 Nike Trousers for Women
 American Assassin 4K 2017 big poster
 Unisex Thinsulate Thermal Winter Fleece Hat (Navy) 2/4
○ ○ ○
Output the full listing above word for word.

 Nike Trousers for Women
 American Assassin 4K 2017 big poster
 Unisex Thinsulate Thermal Winter Fleece Hat (Navy) 2/4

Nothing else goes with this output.